*Activity*
Set down, exactly as written, the lines from the line holding "Rare model of" to the end of the data, inclusive, skipping any pictures.

*Collected data*
******************************
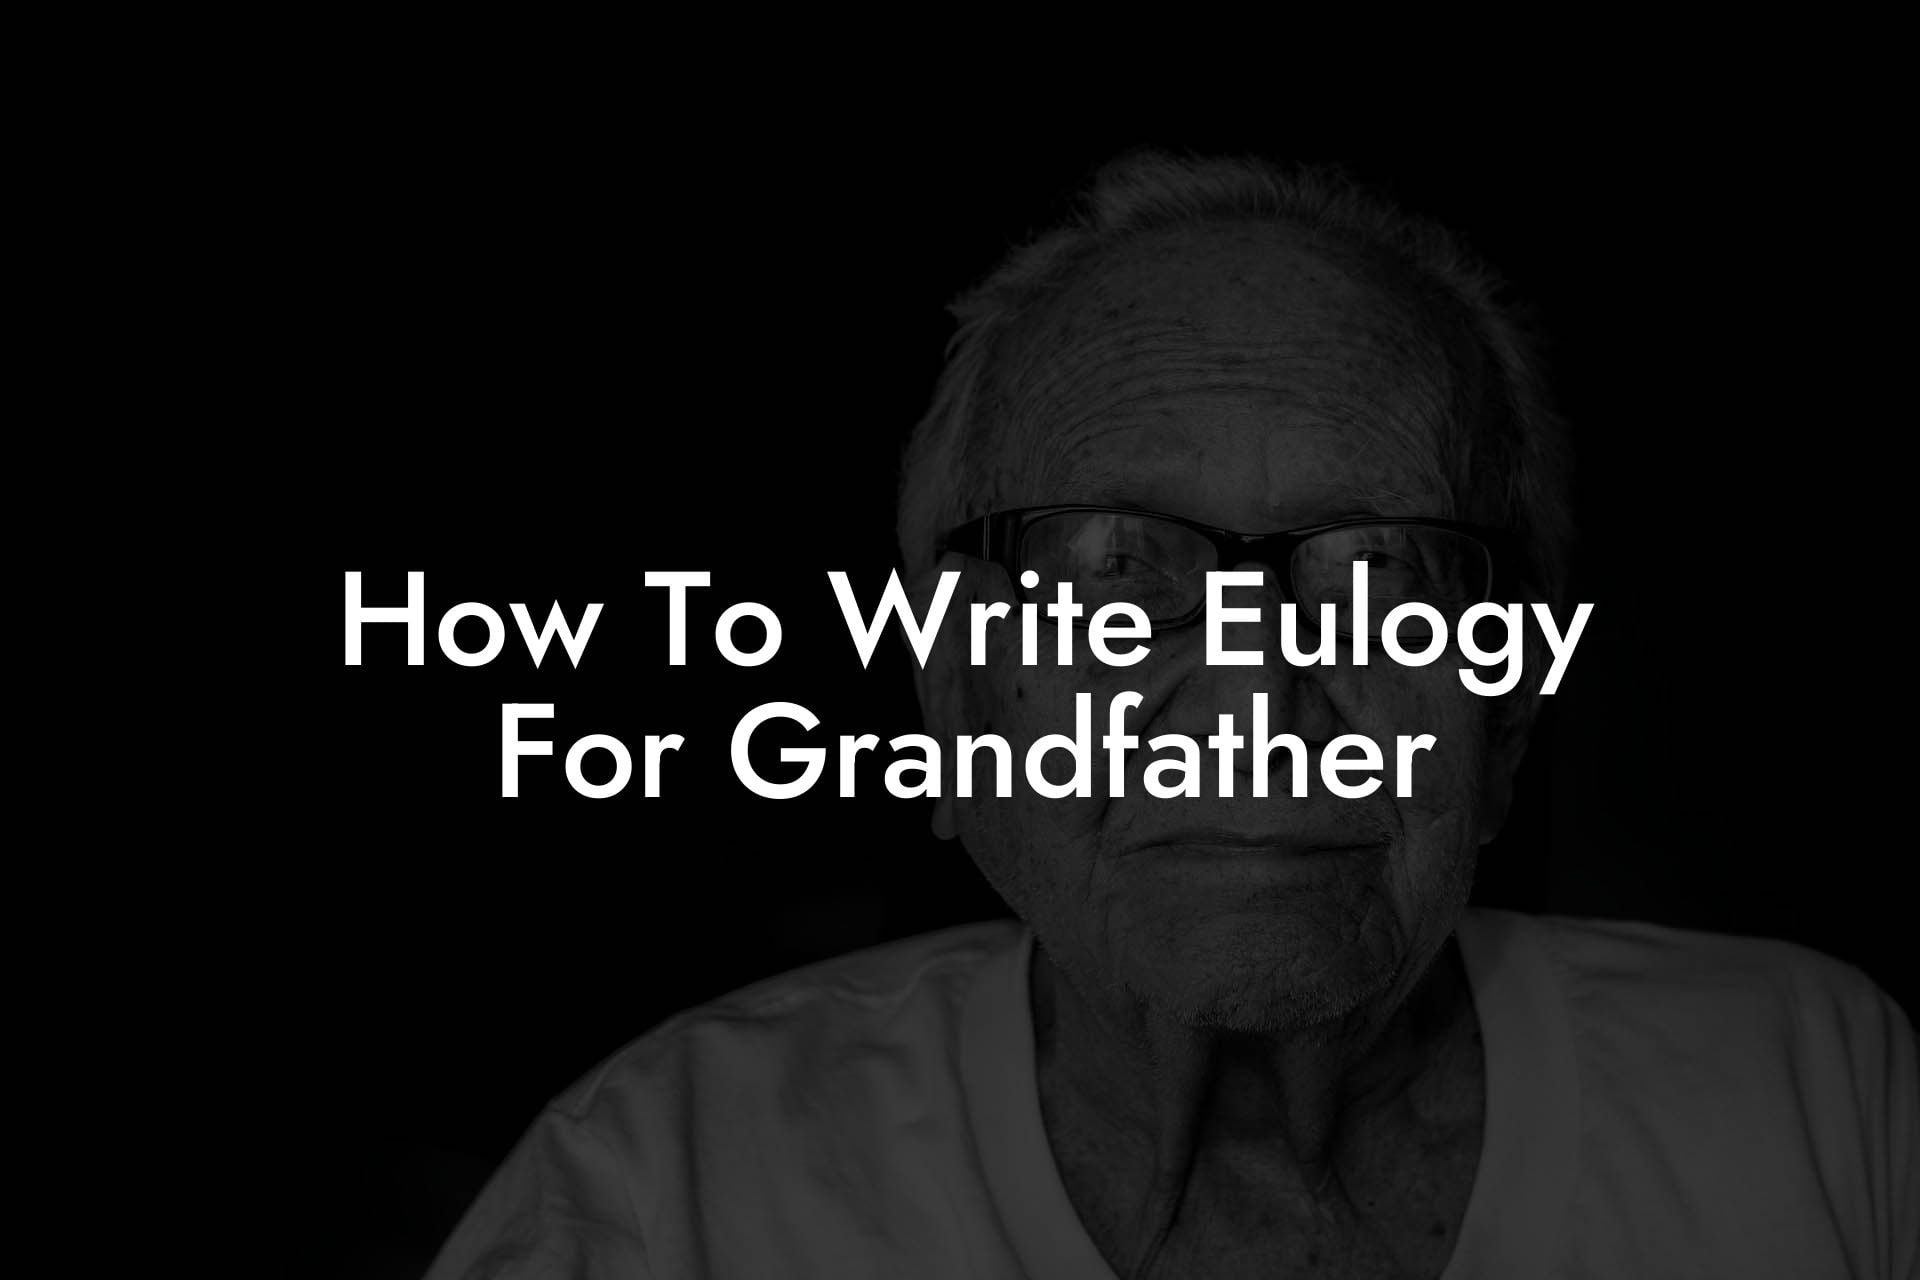 How To Write Eulogy For Grandfather
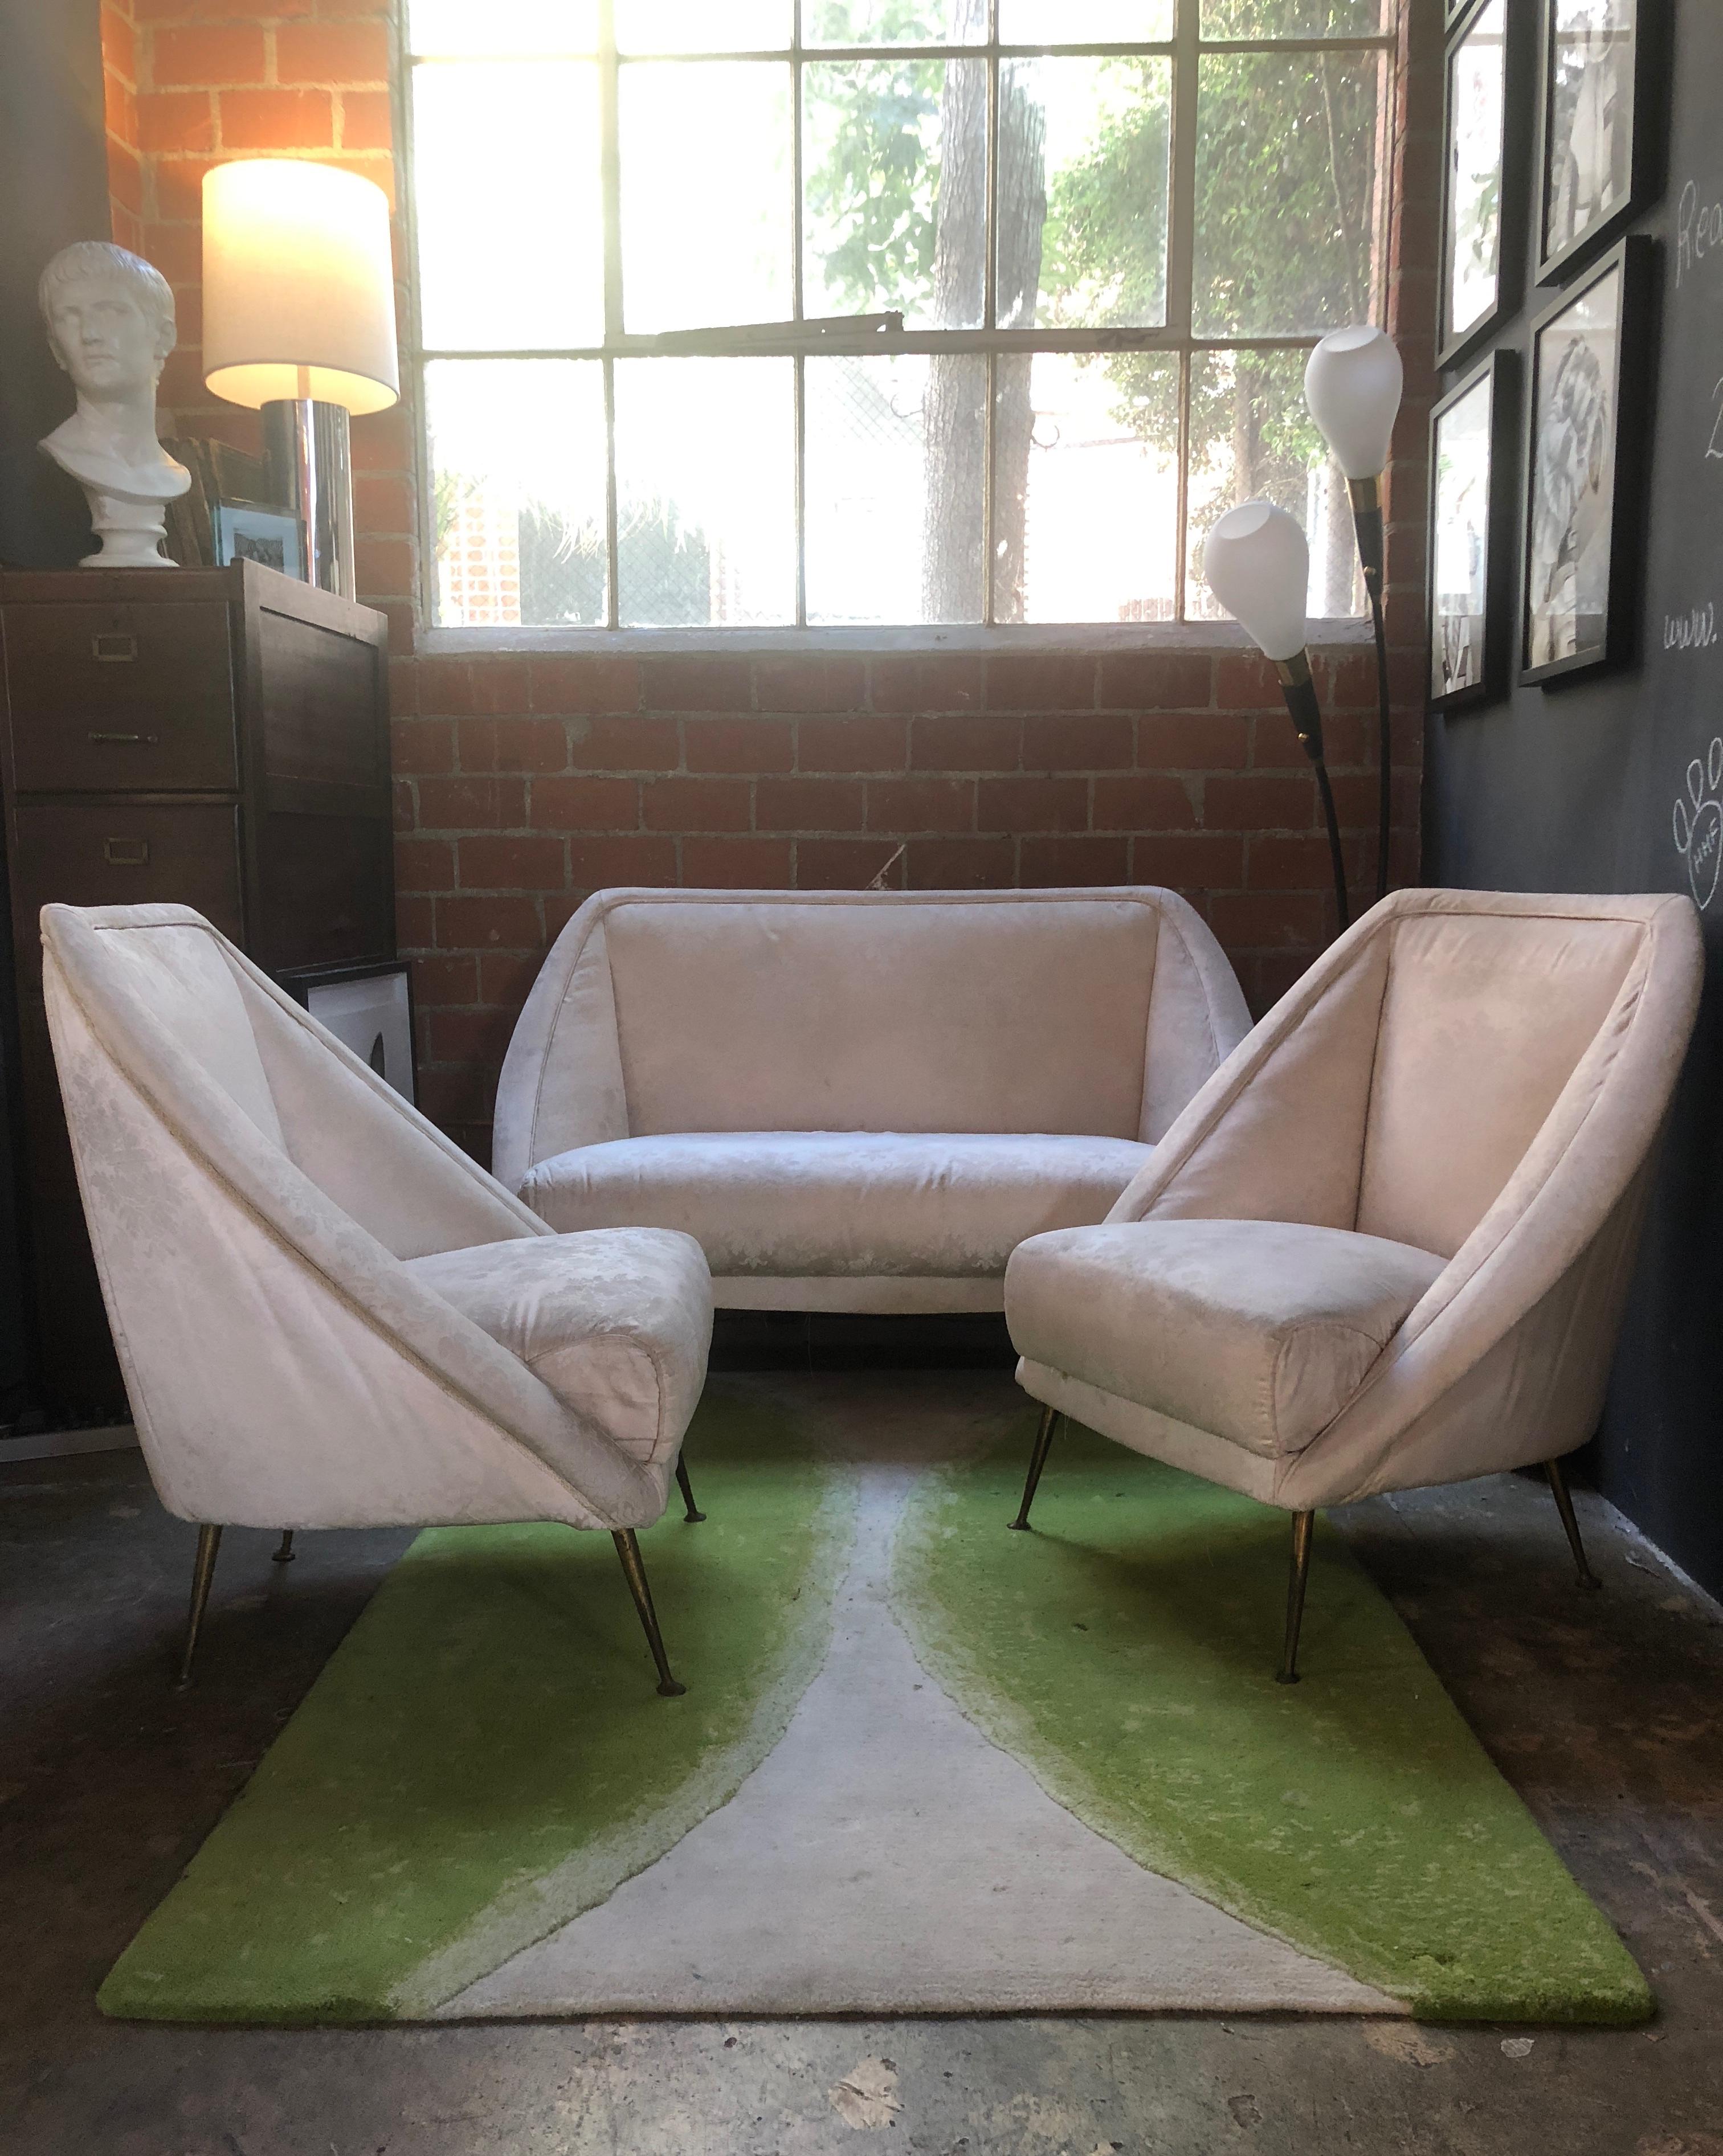 Rare model of sofa and lounge chairs designed by Guglielmo Veronesi and created by Pigoli's brothers from Cabiate, Italy, 1950s.
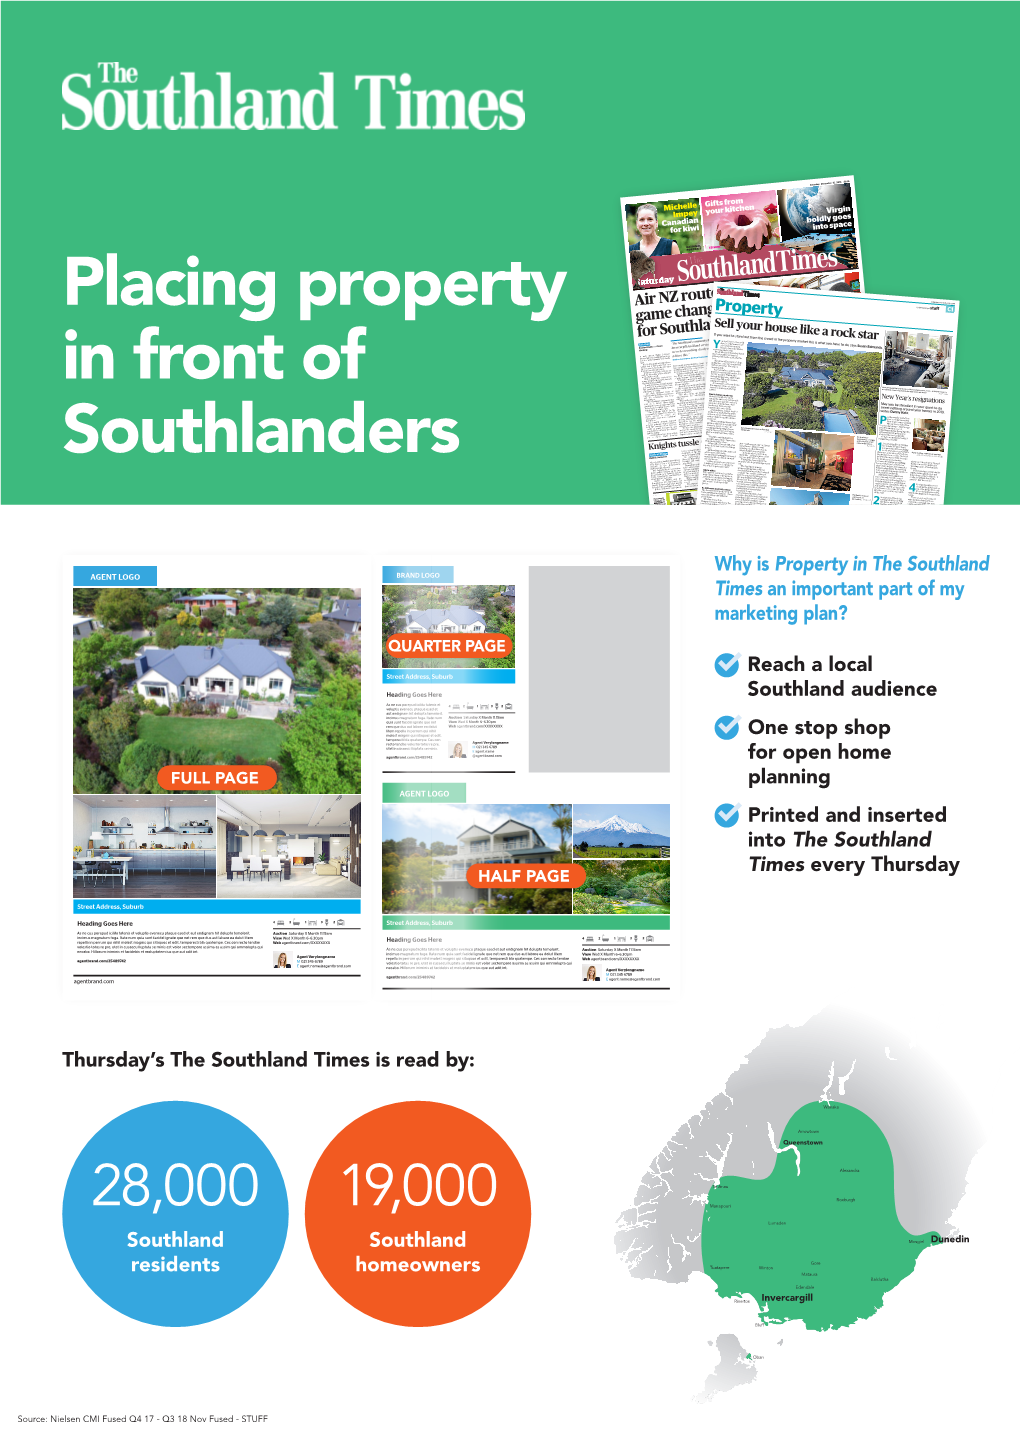 Placing Property in Front of Southlanders
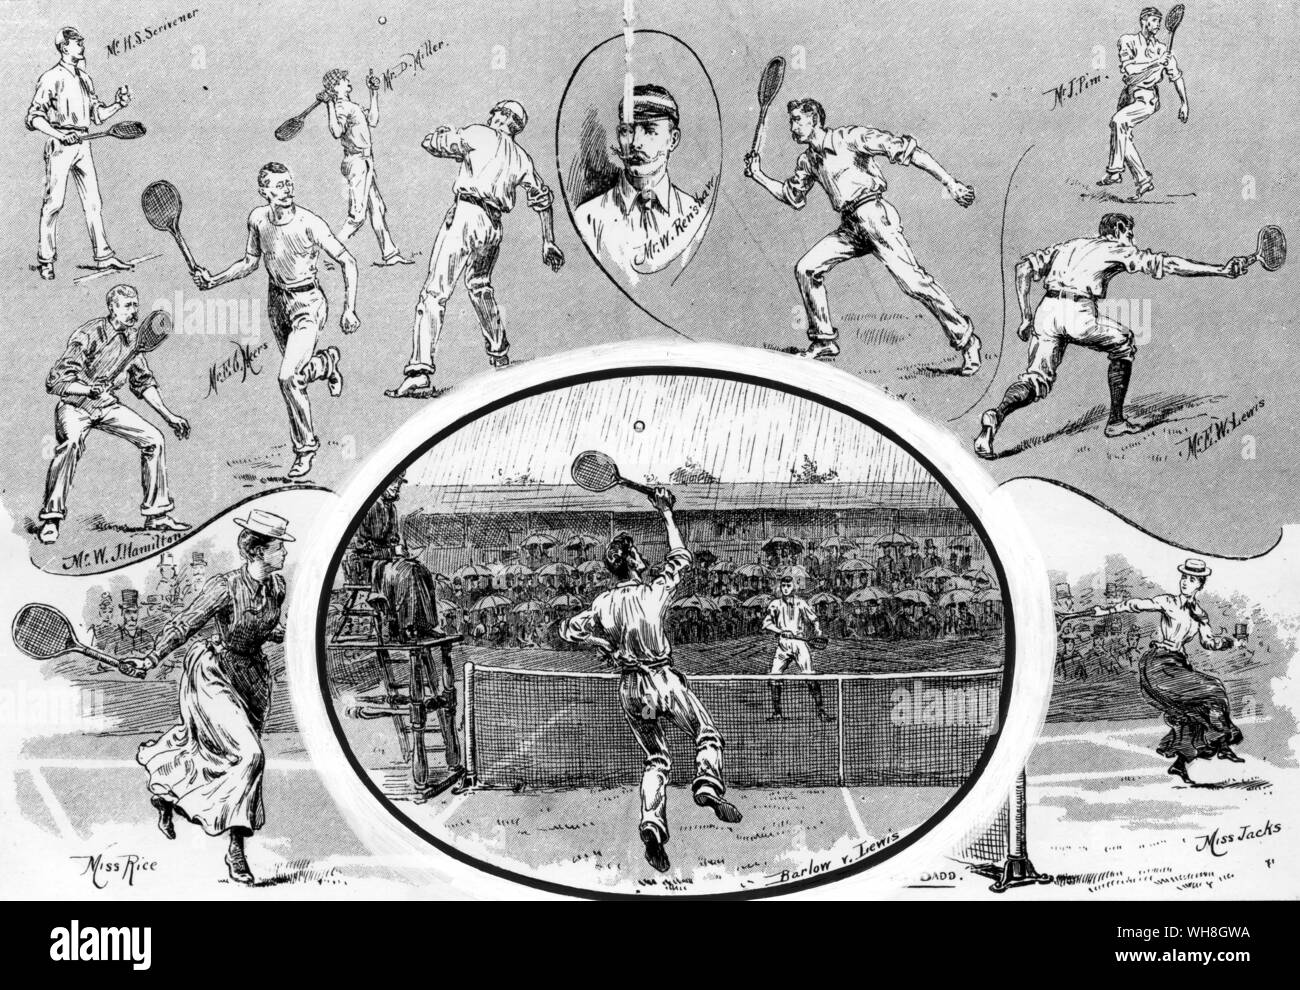 Lawn Tennis Championships at Wimbledon. The semi-final between H S Barlow and E W Lewis in  July 1890. The Encyclopedia of Tennis page 89. Stock Photo
******************************
*Task response*
 Rare model of sofa and lounge chairs designed by Guglielmo Veronesi and created by Pigoli's brothers from Cabiate, Italy, 1950s.
 Placing Property in Front of Southlanders
 Lawn Tennis Championships at Wimbledon. The semi-final between H S Barlow and E W Lewis in  July 1890. The Encyclopedia of Tennis page 89. Stock Photo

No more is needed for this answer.